Dataset excerpt:

====

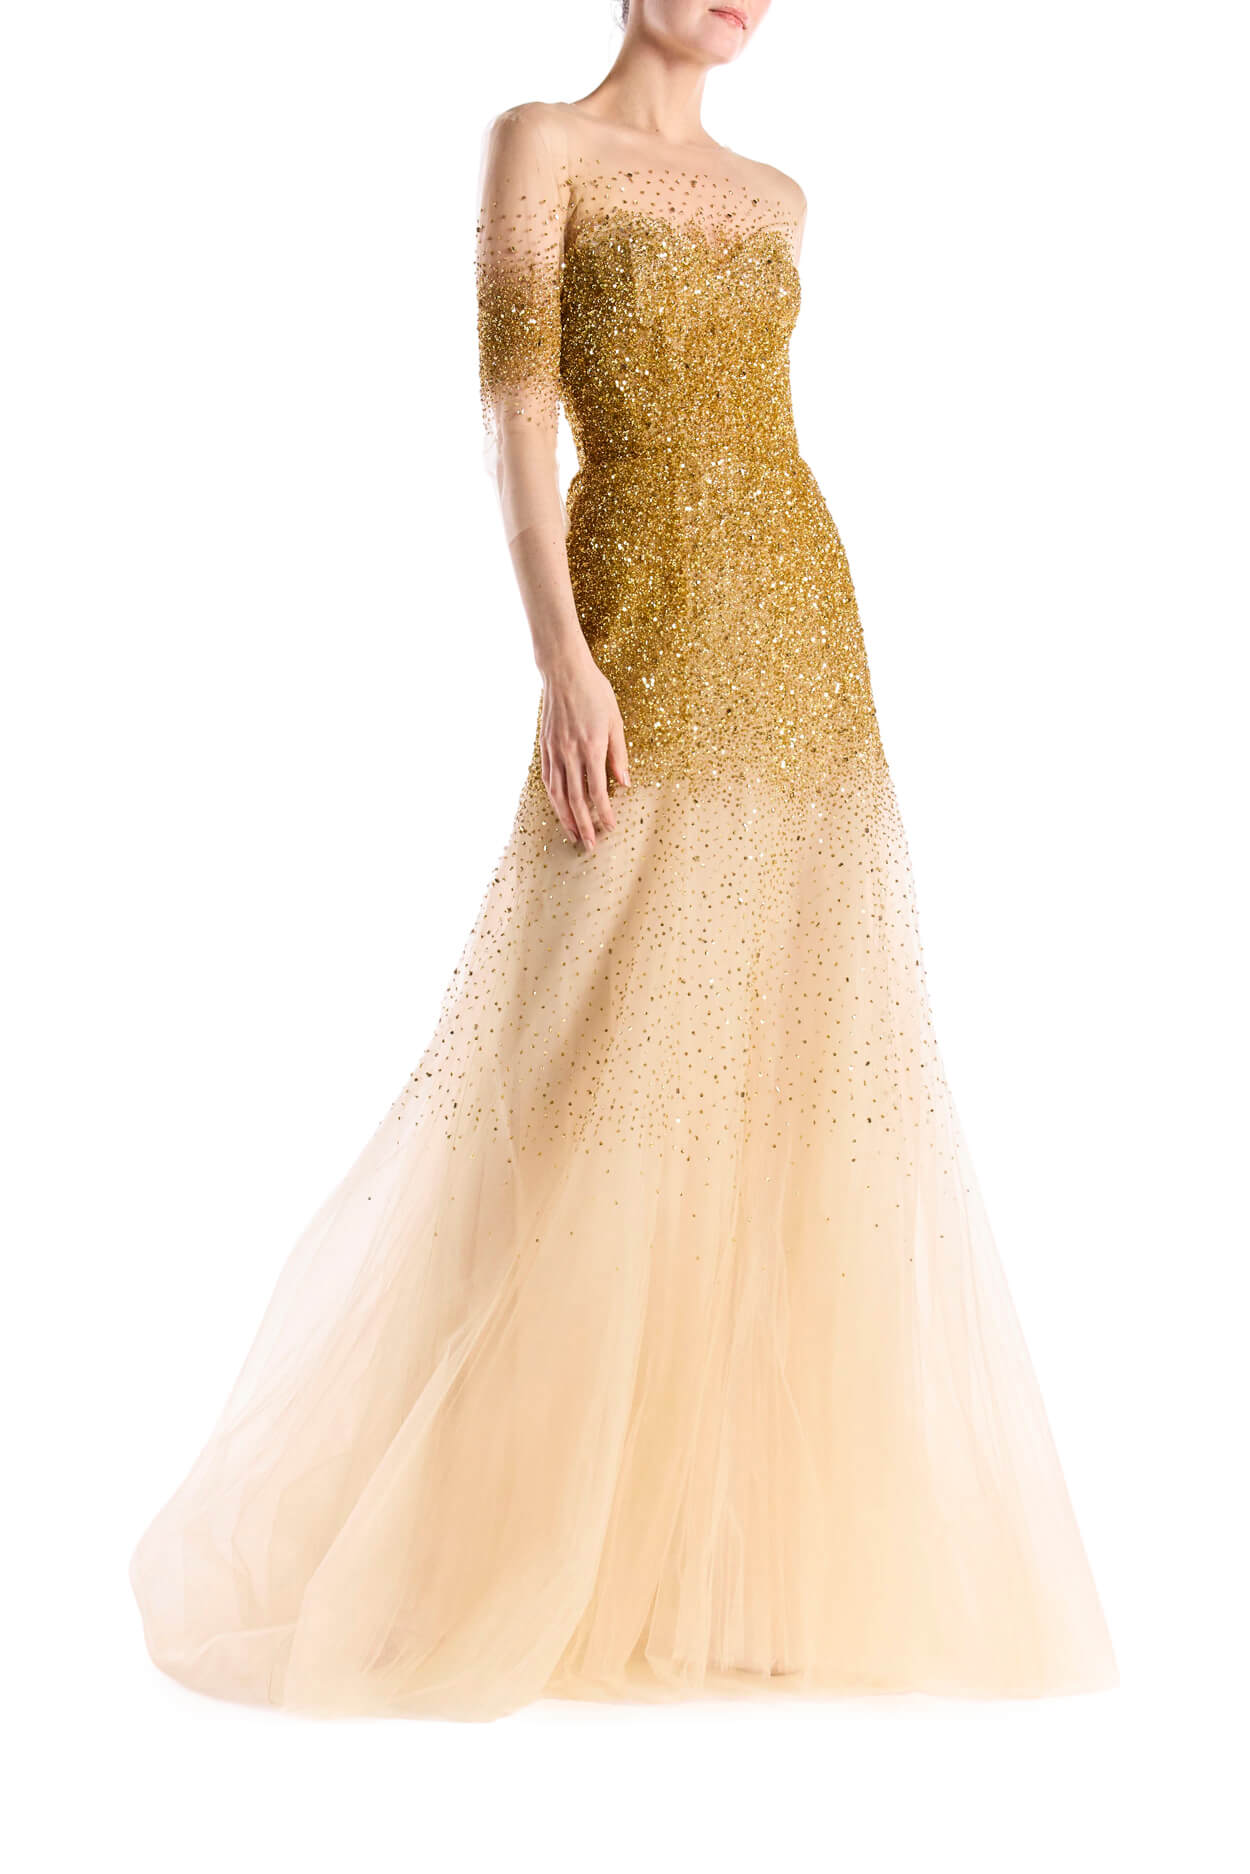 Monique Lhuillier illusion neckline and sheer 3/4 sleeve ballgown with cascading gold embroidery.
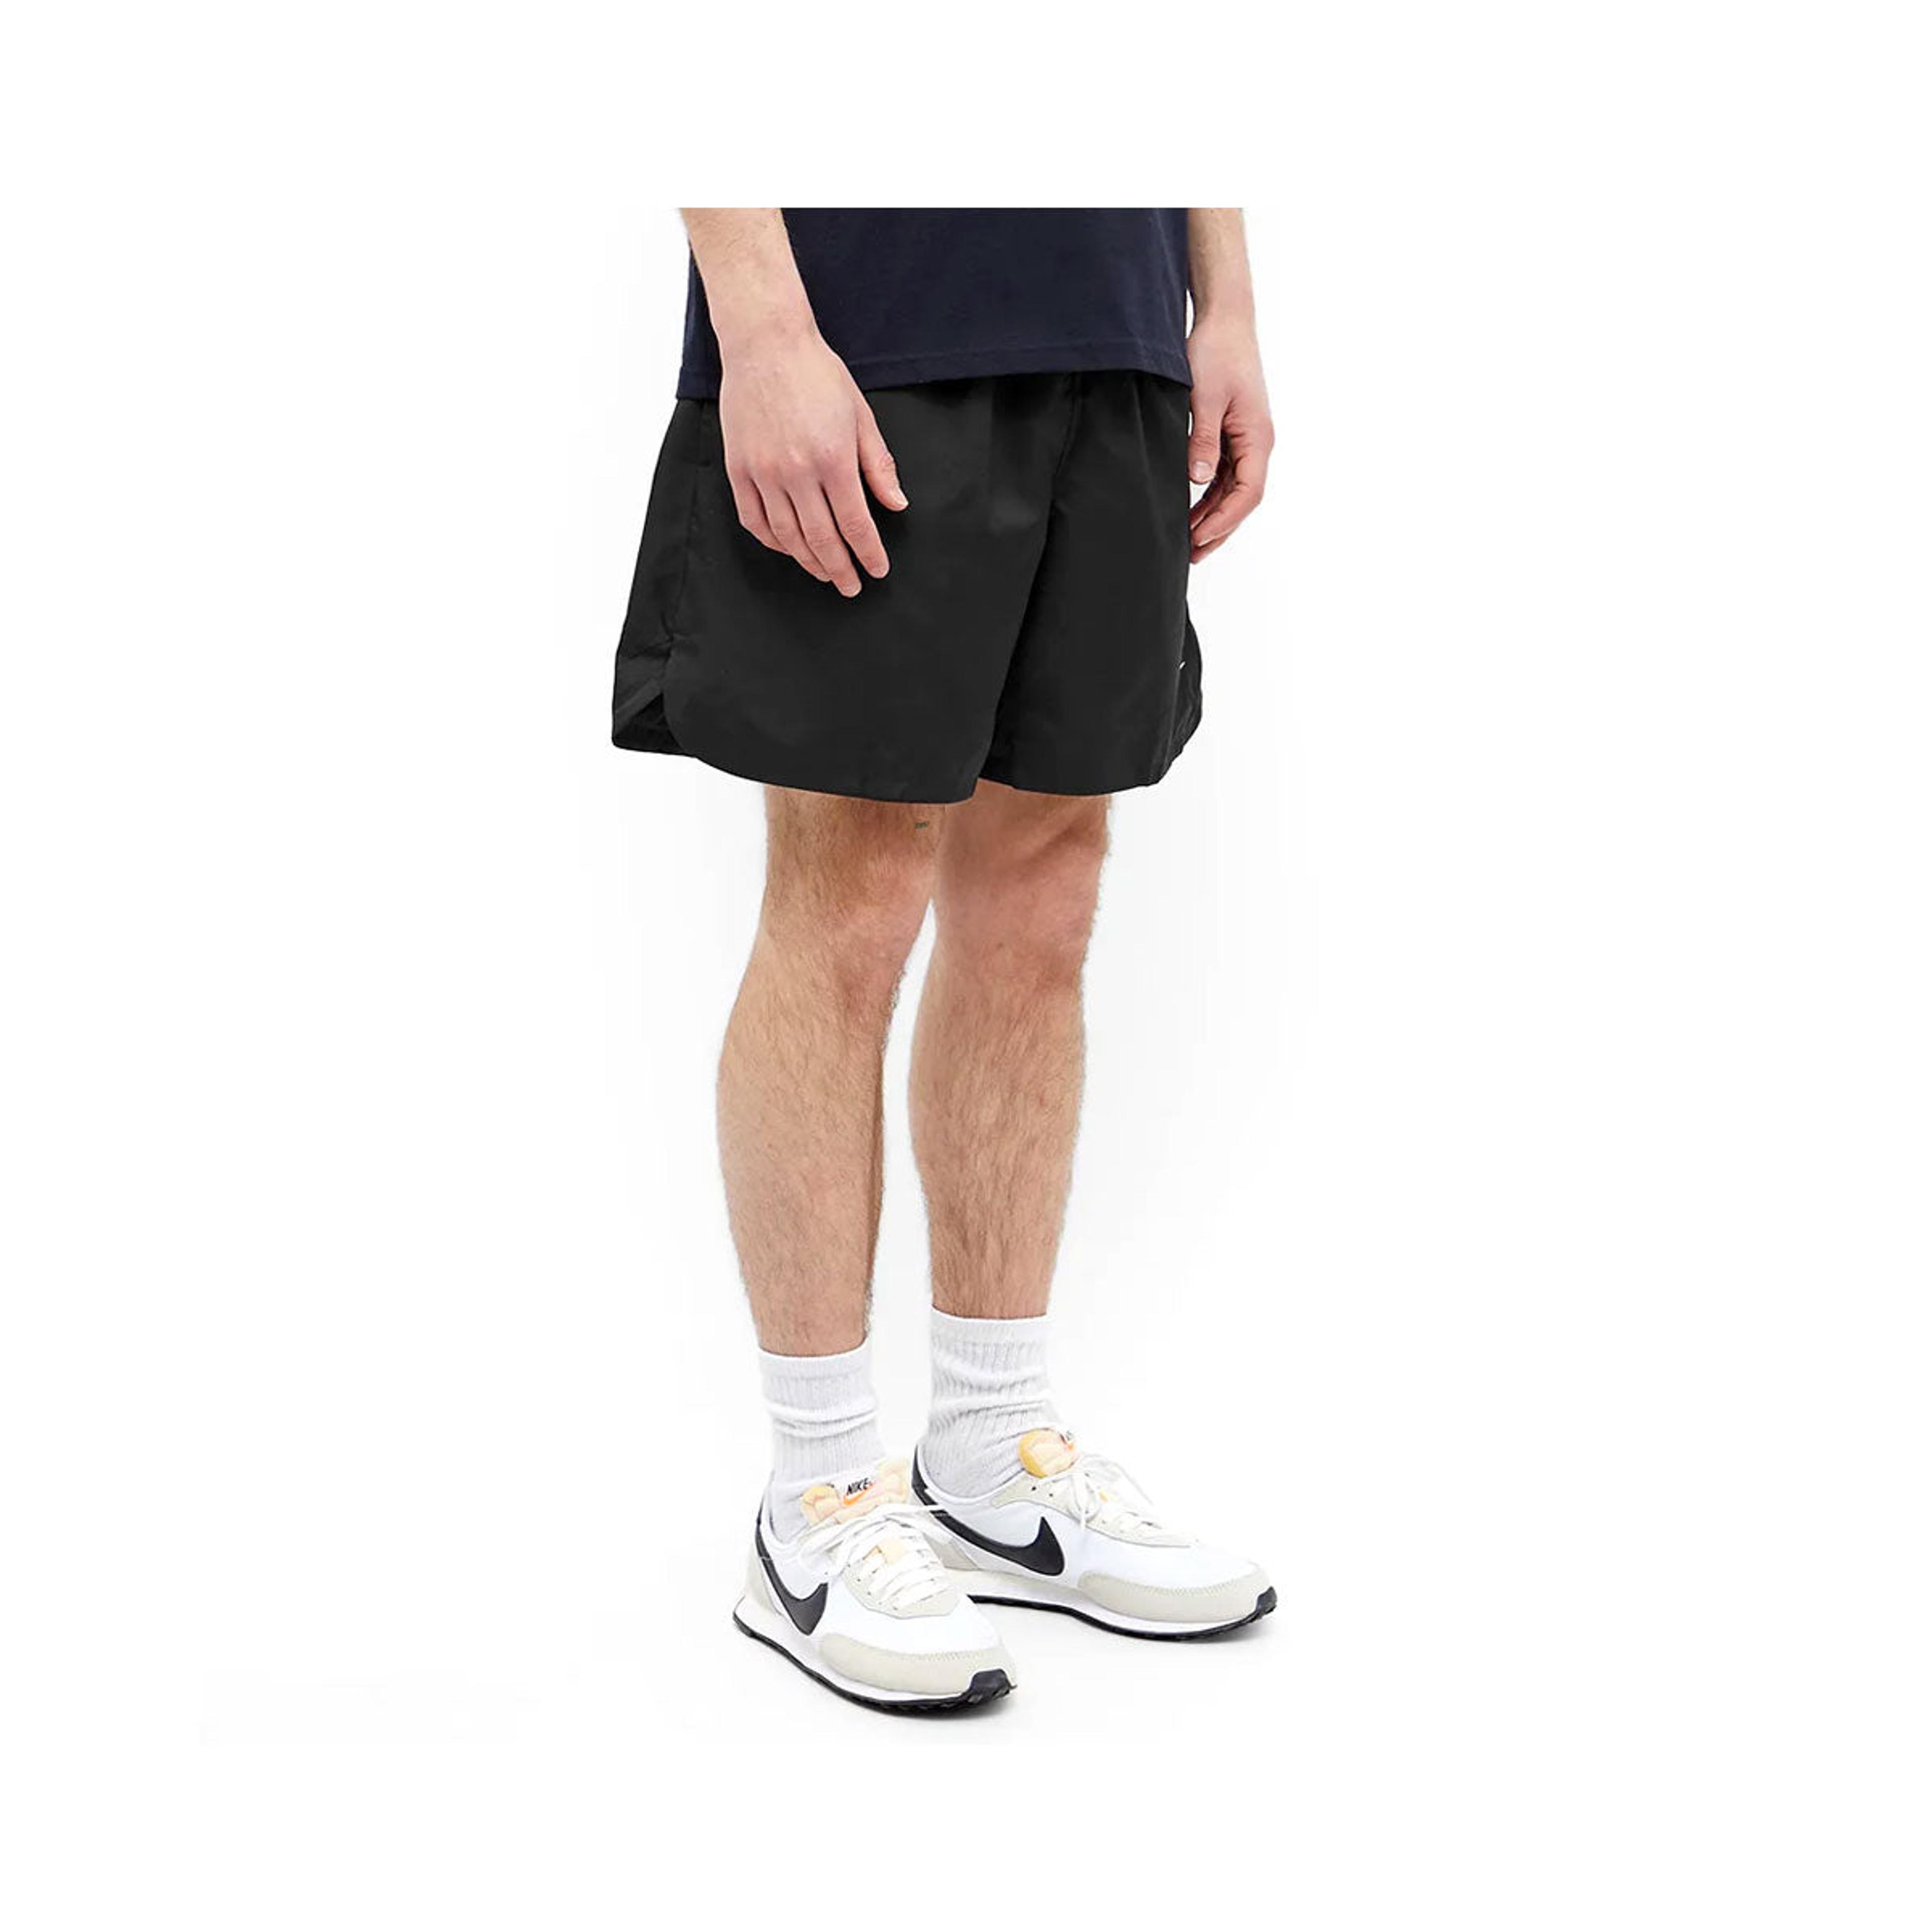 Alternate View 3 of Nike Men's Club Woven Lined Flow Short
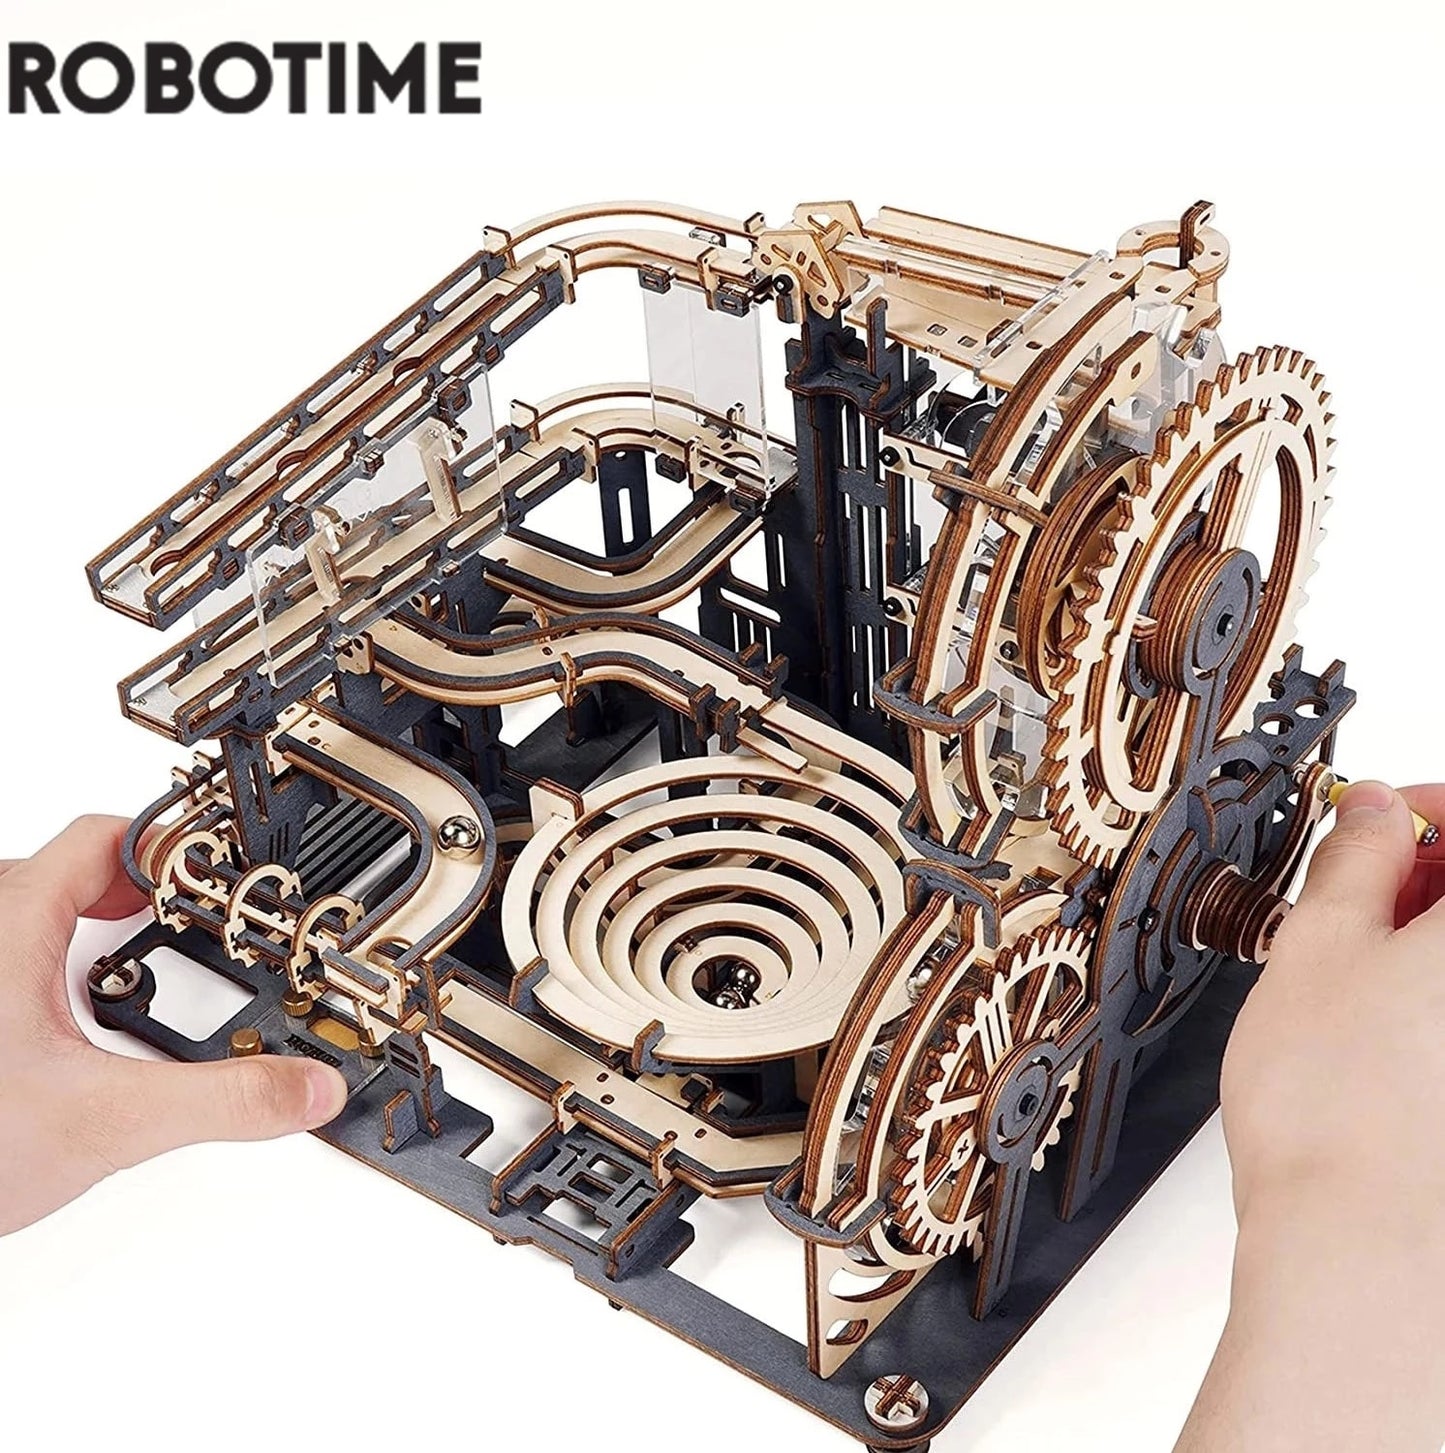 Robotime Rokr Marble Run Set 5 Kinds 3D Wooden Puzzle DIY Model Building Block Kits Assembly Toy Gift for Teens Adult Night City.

====

Required work:
Print exactly the lines from the line with "Alternate View 3" through the end of the data, both ends included, and print no pictures.

Reply:
 Alternate View 3 of Nike Men's Club Woven Lined Flow Short
 Robotime Rokr Marble Run Set 5 Kinds 3D Wooden Puzzle DIY Model Building Block Kits Assembly Toy Gift for Teens Adult Night City.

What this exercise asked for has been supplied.